Koch Snowflakes and CFDG
CFDG ('Context-Free Design Grammer', but don't let that put you off) is a fun little program that allows you to build up complex pictures using elementary shapes, often repeated thousands or even millions of times. It makes it very easy to do recursive shapes, and also random-branching (for instance, you can specify that shape 'A' does one thing randomly 99 times out of 100 and something else the other time). It has an online gallery of user submitted pictures and the code used to generate them.
What I really like about CDFG is the organic quality some of the pictures have, and also some of the complexity that's possible with a very small amount of code. It's fun to look through the most popular images and try to guess how long the code is just by looking at the output.
Koch Snowflake
Because CDFG is good at recursive code, it's easy to make certain kinds of fractals. For example, one side of a koch snowflake can be made from repetitions of a simple basic shape:
To make this in CDFG, we could use the following code:
startshape spike
sqrt3over4 = sqrt(3)/4
one_third = 1/3
shape line
{
SQUARE[s 1 0.01]
}
shape spike
{
line[x -1]
line[r 60 x -0.25 y sqrt3over4]
line[r -60 x 0.25 y sqrt3over4]
line[x 1]
}
Here we define two shapes, 'line' which draws a line (we're actually using a squished square, scaled 1 in the x dimension and 0.01 in the y) and 'spike', which draws four lines (the x and y values specify relative locations and r is a rotation in degrees). To generate the fractal we just need to make one change to the line function to call spike again reduced in size by a factor of 3:
startshape spike
sqrt3over4 = sqrt(3)/4
one_third = 1/3
shape line
{
SQUARE[s 1 0.01]
spike[s one_third]
}
shape spike
{
line[x -1]
line[r 60 x -0.25 y sqrt3over4]
line[r -60 x 0.25 y sqrt3over4]
line[x 1]
}
Which gives us the following:
There's a small problem with this approach: when we scale the next generation of the shape, it scales in all dimensions, including the line width, making later generations harder to see and so we don't get a good view of what we really want to see, which is what the final generations tend to.
What's fun about the code above is that, since we're only interested in the final generations, and since the final generations are going to eventually be ~1pixel big, it really doesn't matter what shape we use in the line shape. It helps to make the shape transparent (we can use the 'a' (alpha) parameter for that) so that we don't block subsequent generations, but it doesn't have to be a line at all.

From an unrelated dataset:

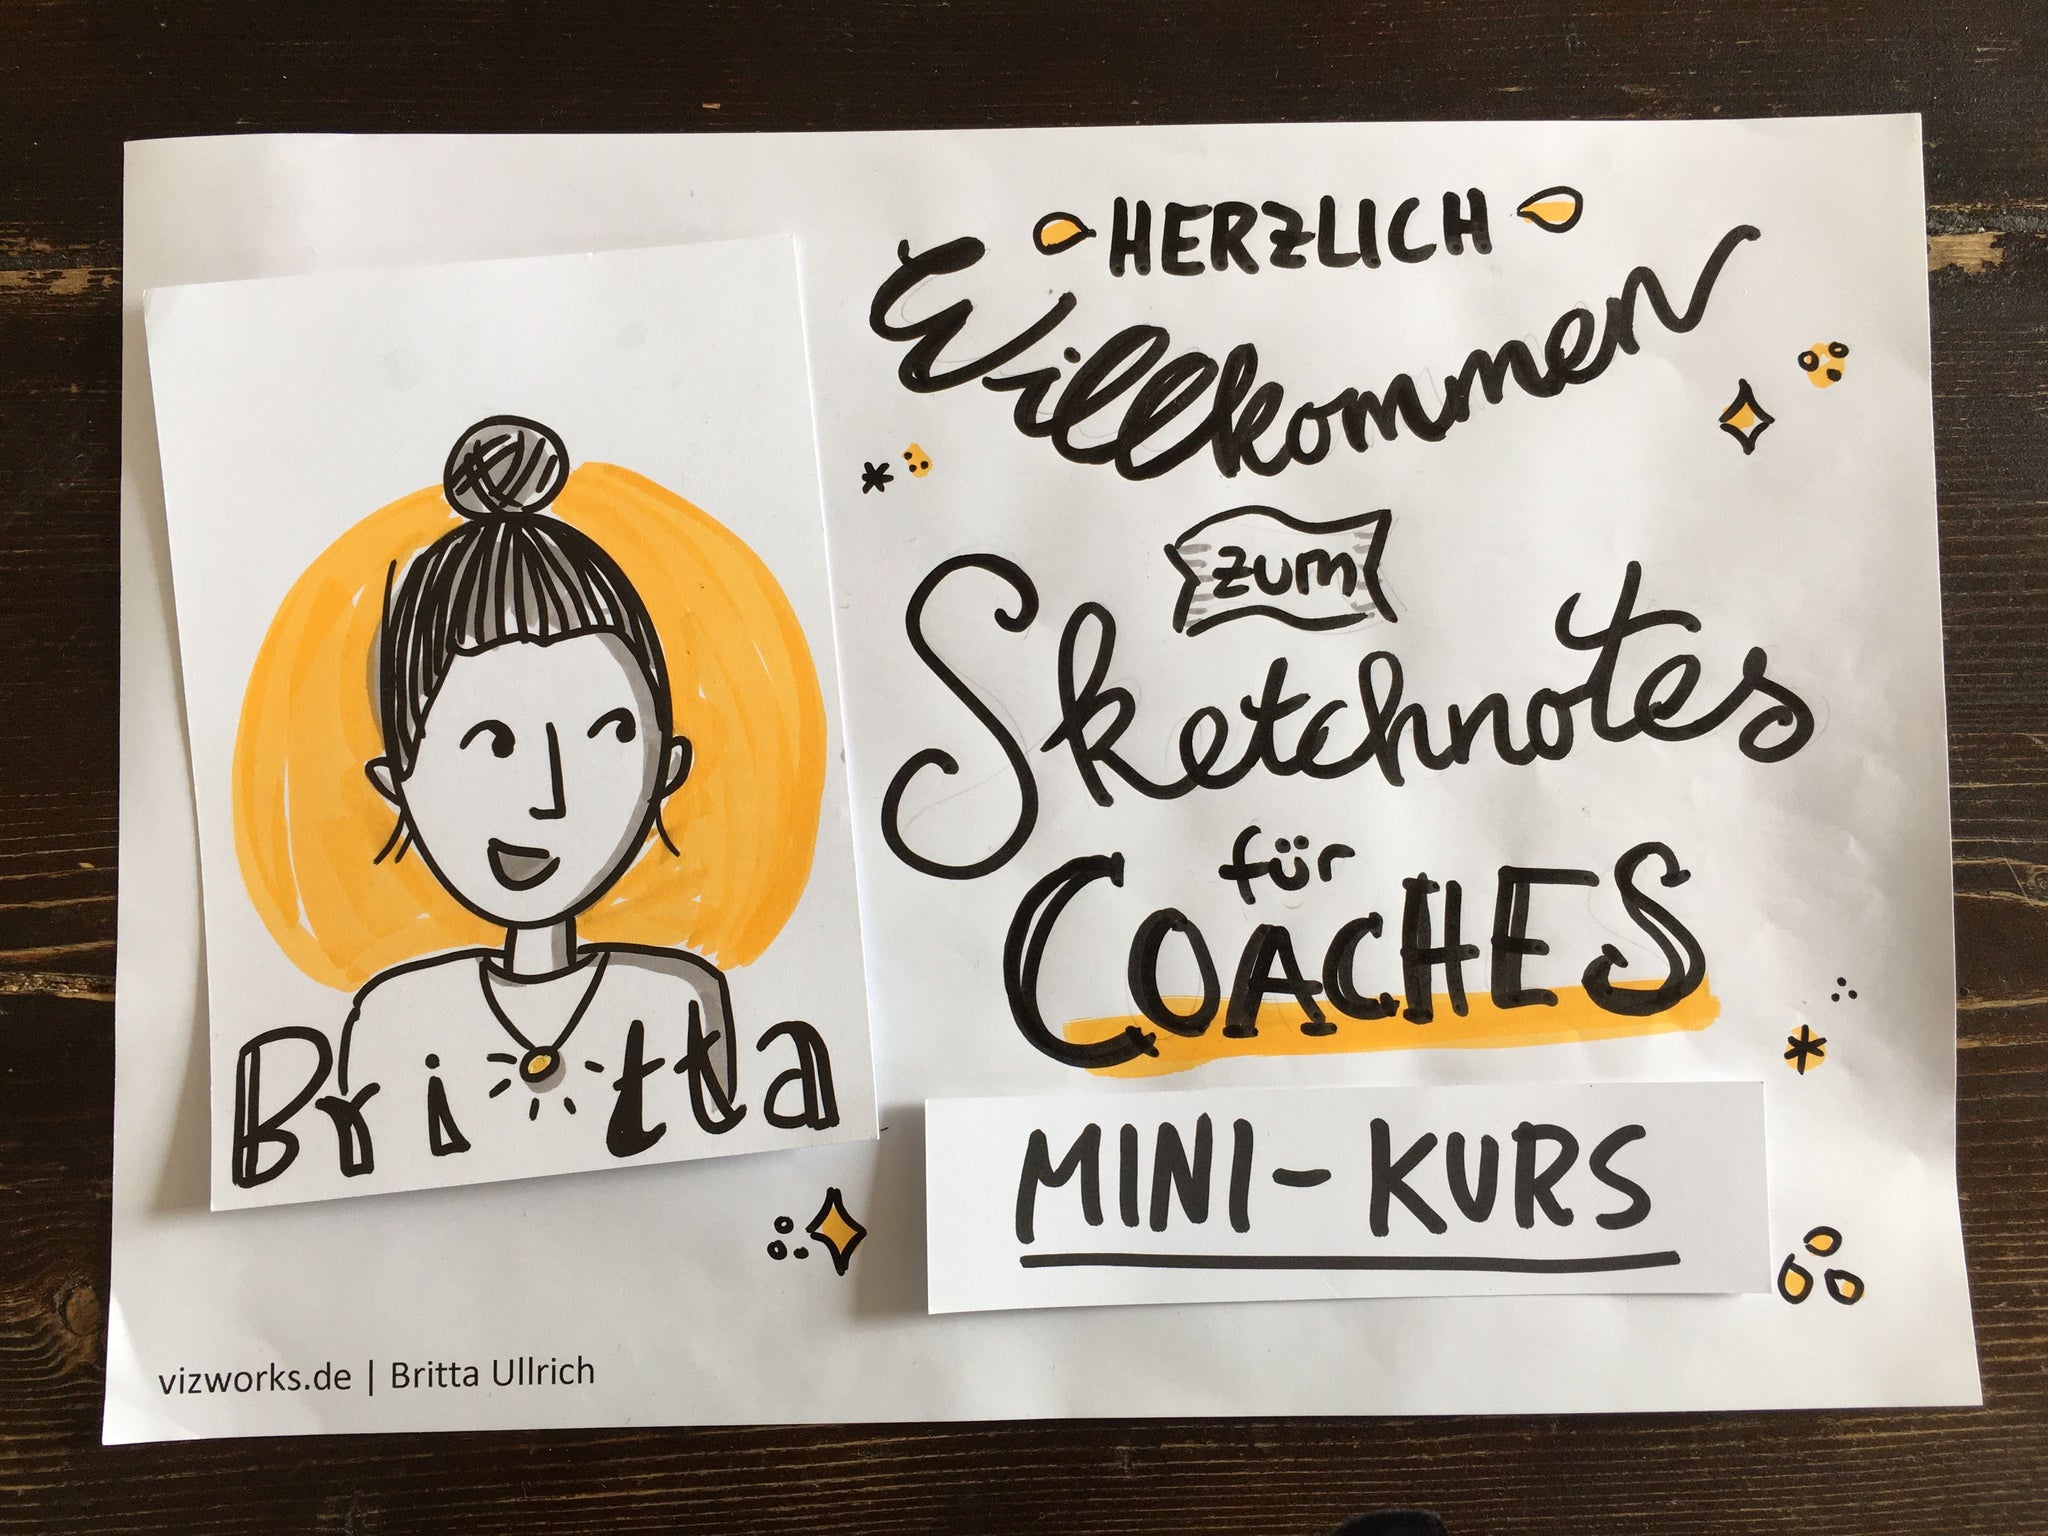 Britta's Gratis Mini-Online-Kurs "Sketchnotes für Coaches"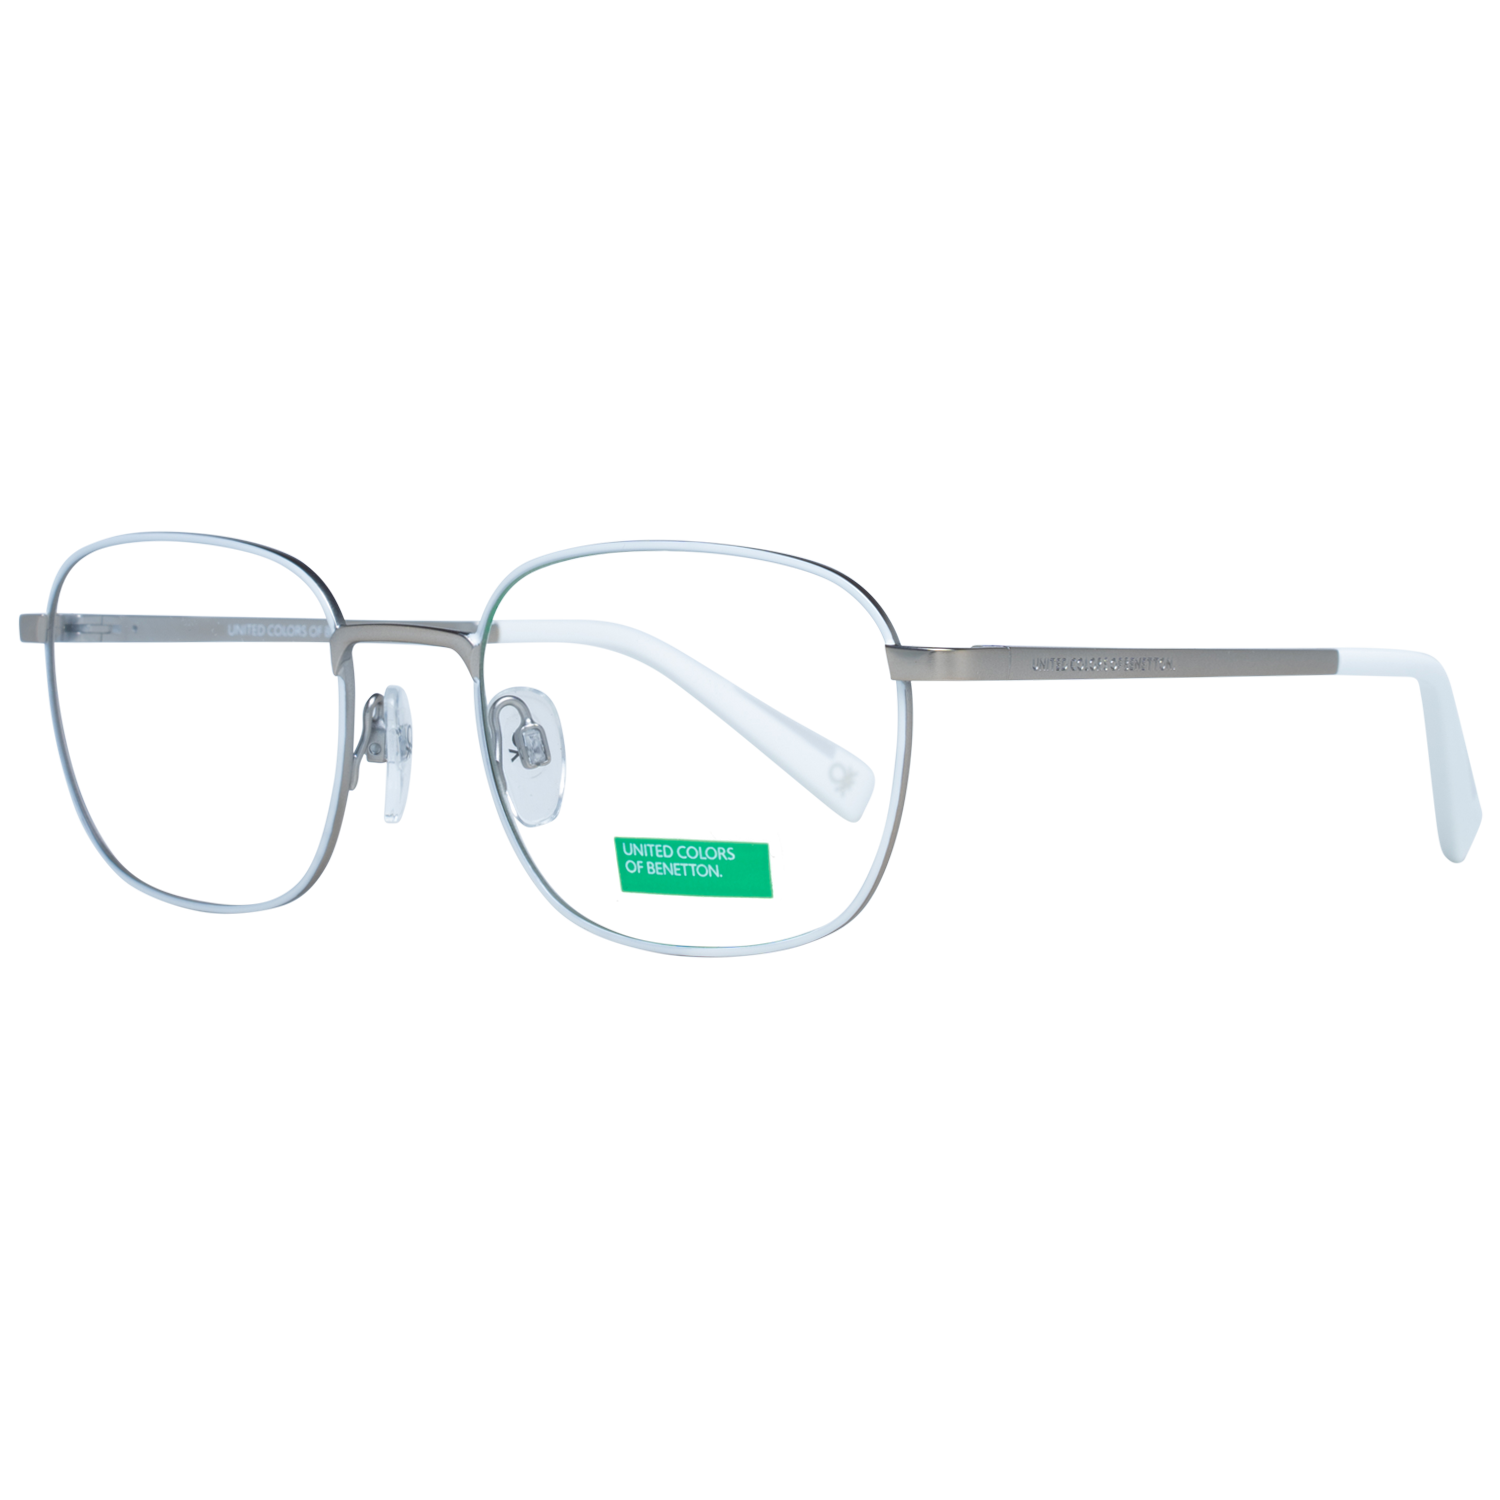 Benetton Frames Benetton Glasses Frames BEO3022 800 52 Eyeglasses Eyewear UK USA Australia

For example, if we replace the SQUARE[s 1 0.01] with CIRCLE[a -0.9] we get the following:
We can use all kinds of shapes in the line shape to produce different early generations, but all tending towards the same snowflake perimeter.
| SQUARE[s 2 a -0.9] |  |
| TRIANGLE [s 1.5 alpha -0.9] |  |
| CIRCLE [ s .5 alpha -0.8] |  |
| CIRCLE [s .5 alpha -0.8 y -.288675] |  |
| SQUARE[s 1 x 1 y -1 a -0.9] |  |
You can find my small selection of CFDG scripts here.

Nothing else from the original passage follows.